INSTRUCTIONS TO FOLLOW
Please restate each line of the data that follows word for word, skipping any image.

RECORDED DATA

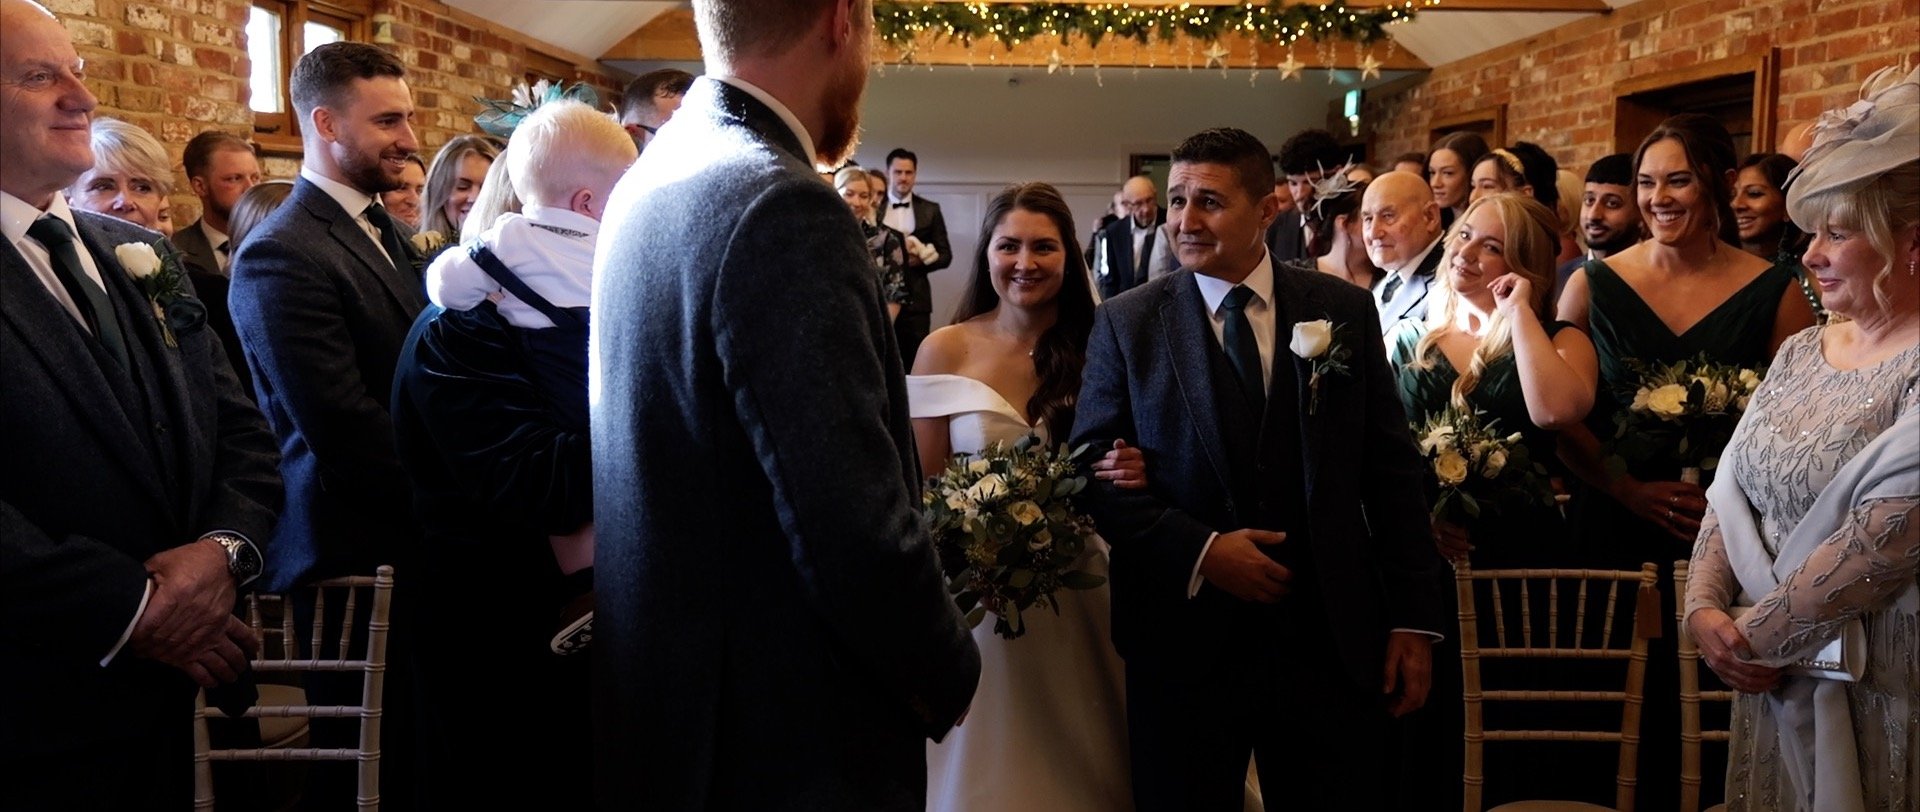 Apton Hall Wedding Videography - 3 Cheers Media - Here comes the bride.jpg
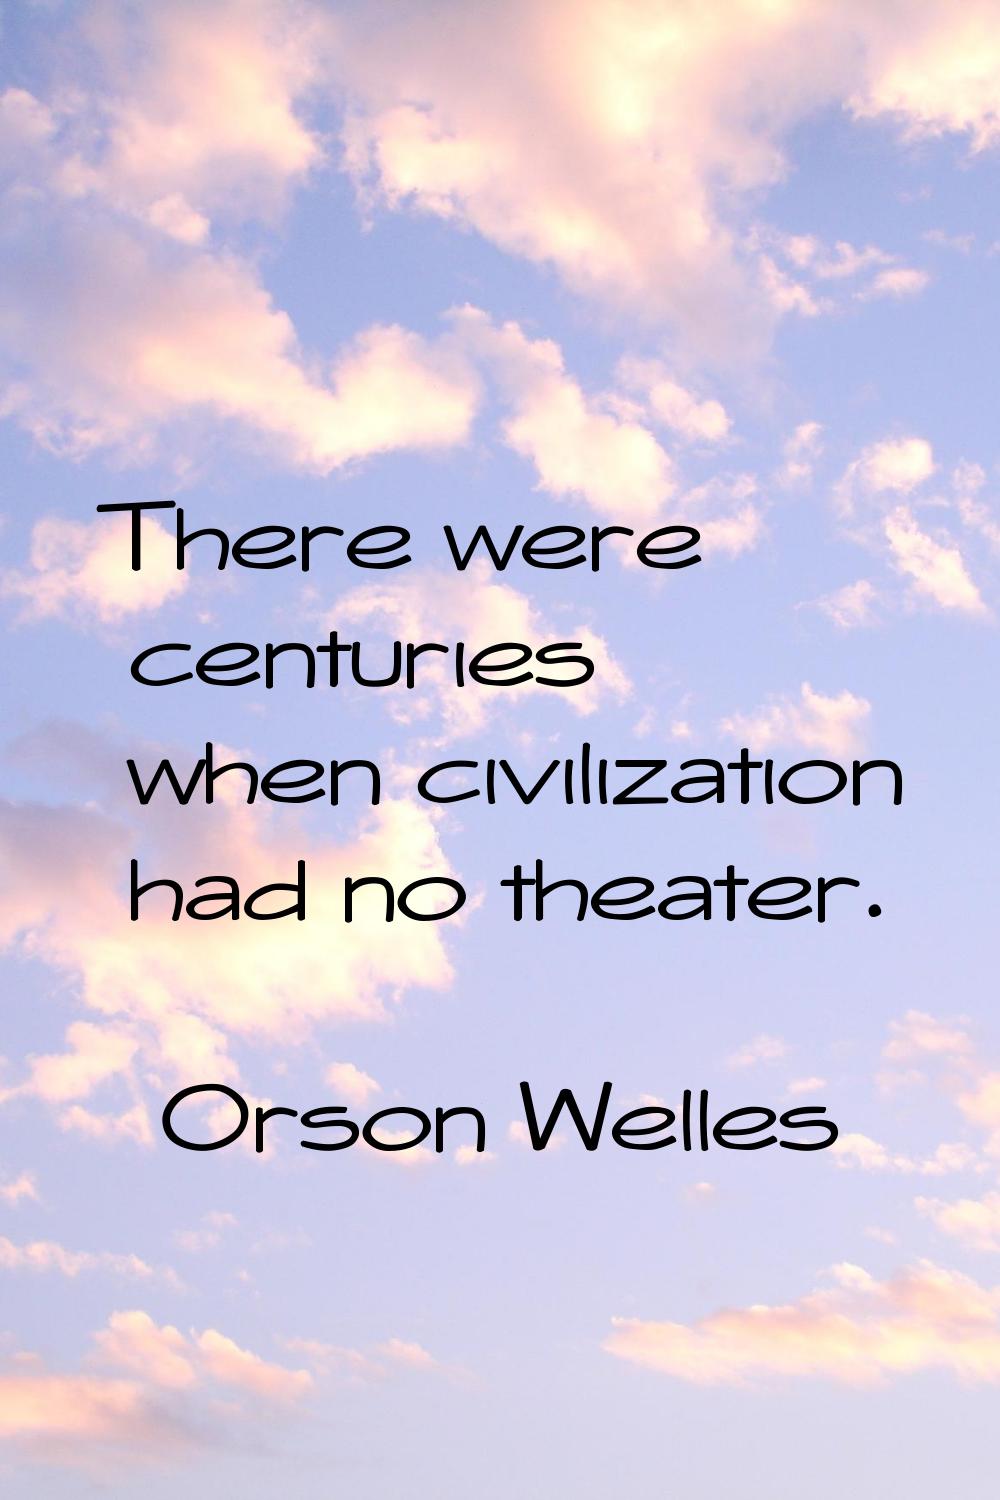 There were centuries when civilization had no theater.
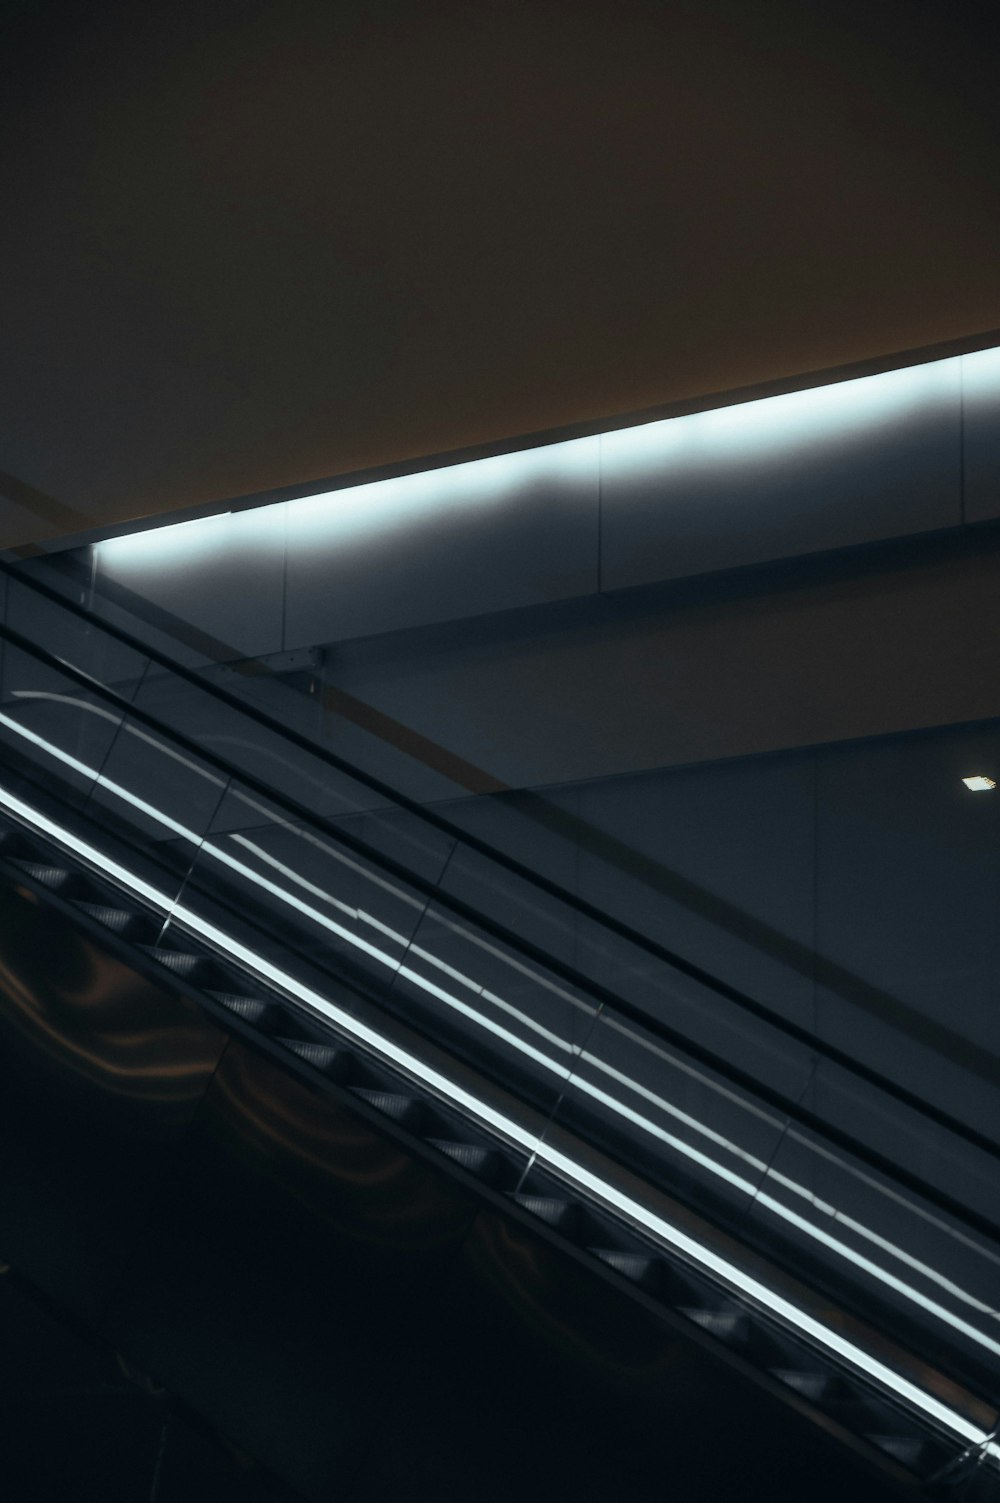 a blurry image of a hallway
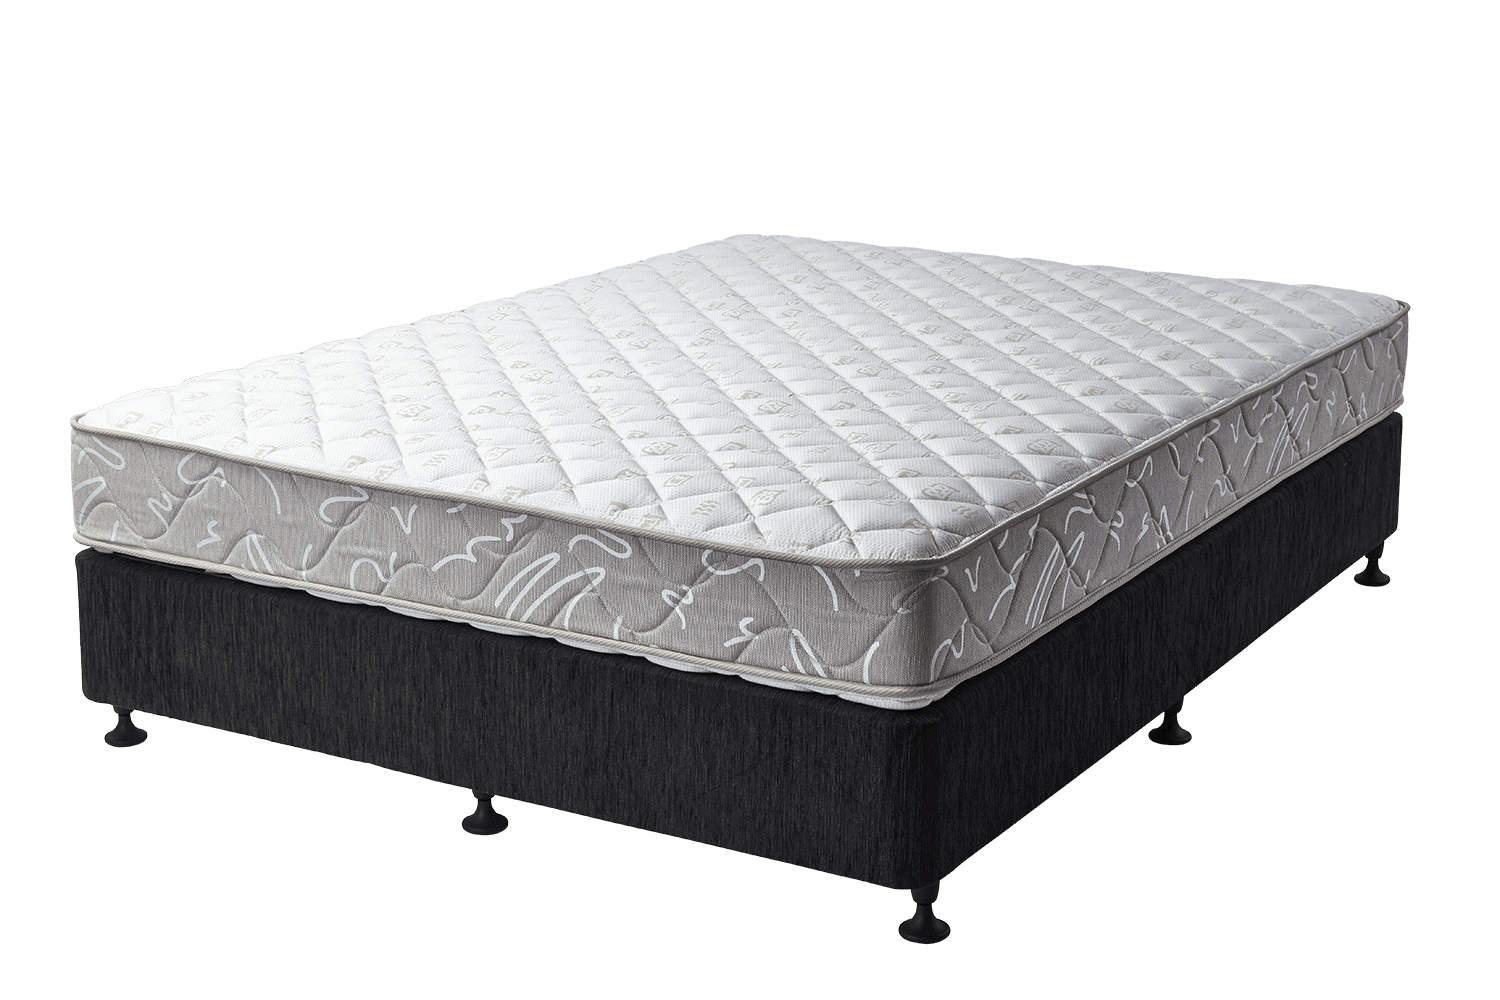 makin mattresses allure mattress queen single super king double size

RESULT OF THE EXERCISE
 Apton Hall Wedding Videography - 3 Cheers Media - Here comes the bride.jpg
 There were centuries when civilization had no theater.
 a blurry image of a hallway
 makin mattresses allure mattress queen single super king double size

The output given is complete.